_Records for this exercise_
################
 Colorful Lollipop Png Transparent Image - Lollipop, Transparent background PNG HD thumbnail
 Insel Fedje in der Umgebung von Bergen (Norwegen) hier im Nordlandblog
################
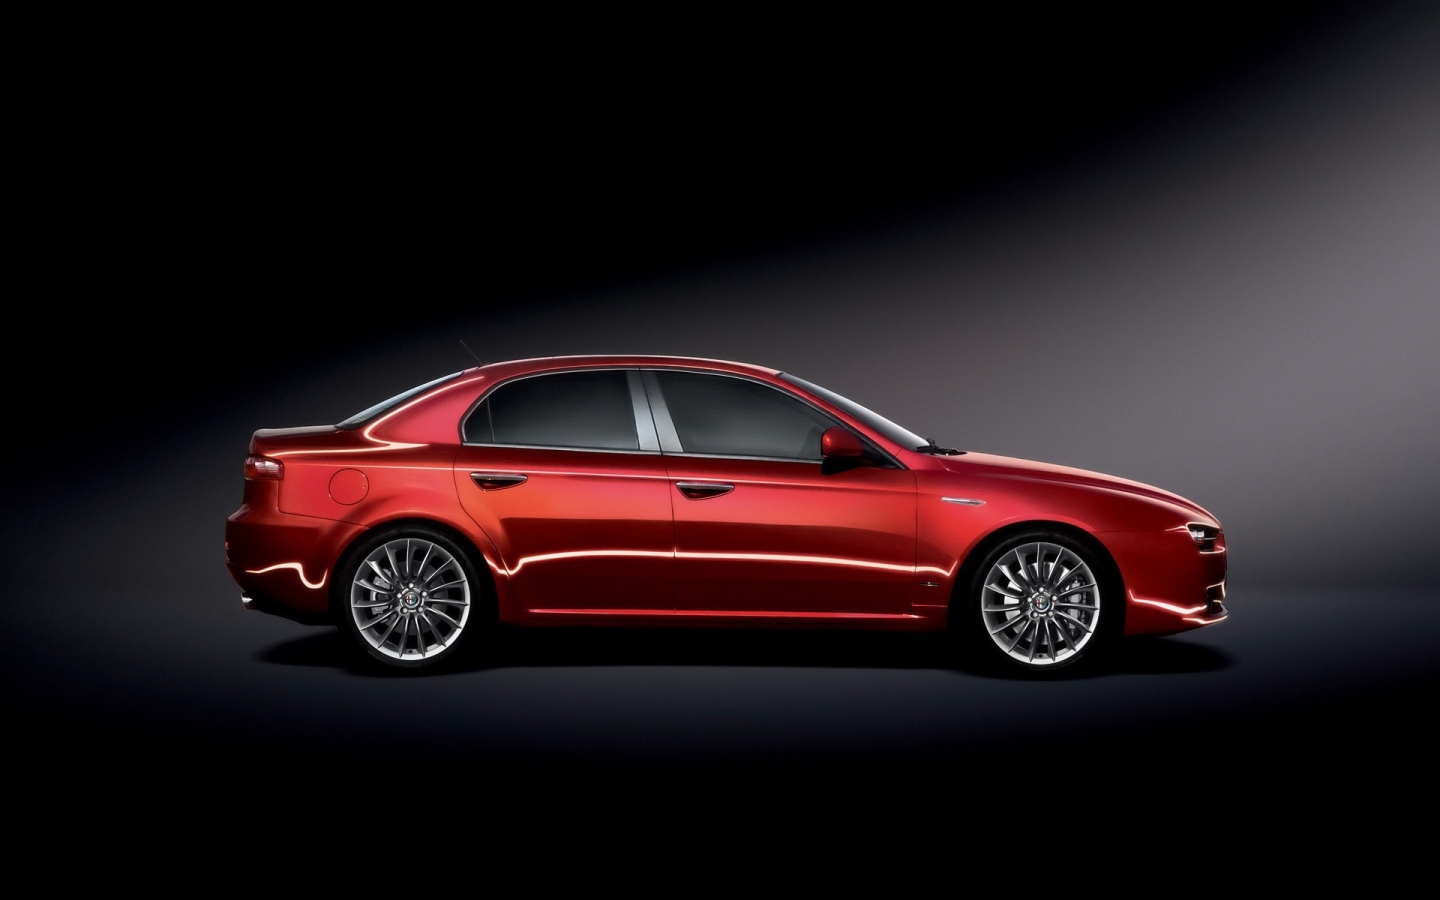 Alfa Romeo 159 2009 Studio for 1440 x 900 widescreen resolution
################
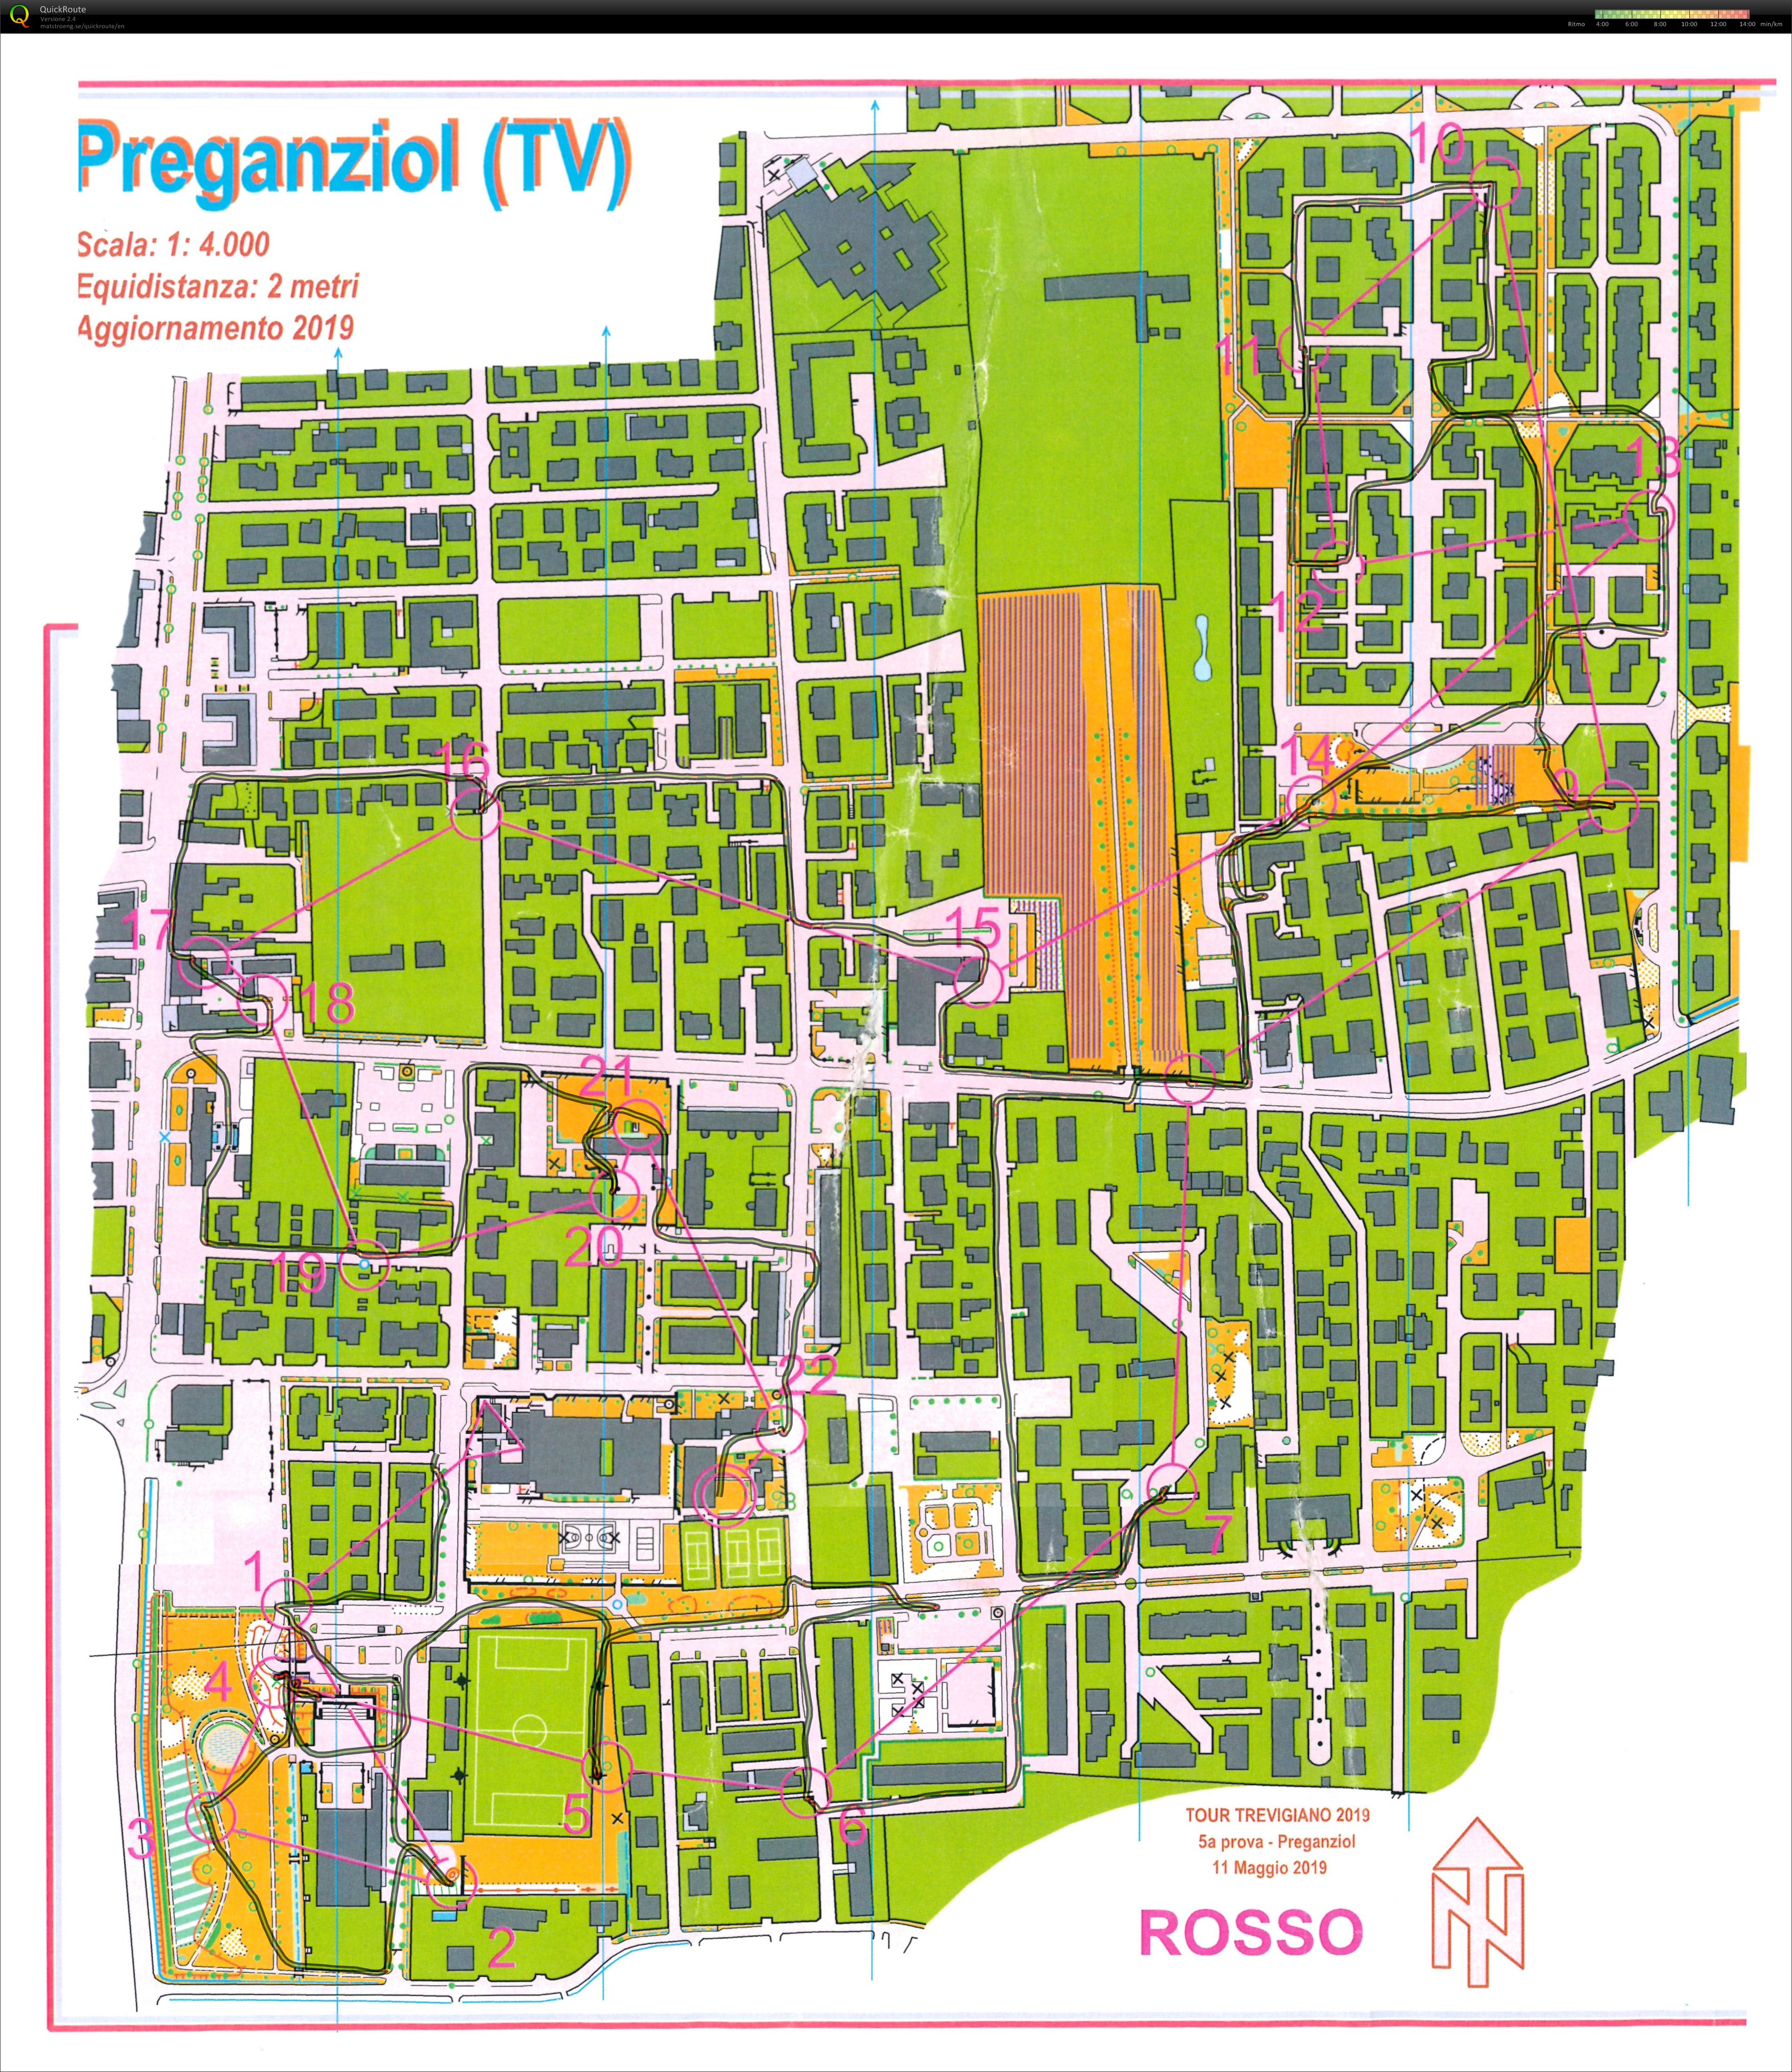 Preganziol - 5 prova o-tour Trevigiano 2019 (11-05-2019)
################
_Problem statement_
Above are the records. Copy the lines beginning at the one that has "Colorful Lollipop Png" and ending with the one that has "Insel Fedje in", unchanged.

_Output for this task_
 Colorful Lollipop Png Transparent Image - Lollipop, Transparent background PNG HD thumbnail
 Insel Fedje in der Umgebung von Bergen (Norwegen) hier im Nordlandblog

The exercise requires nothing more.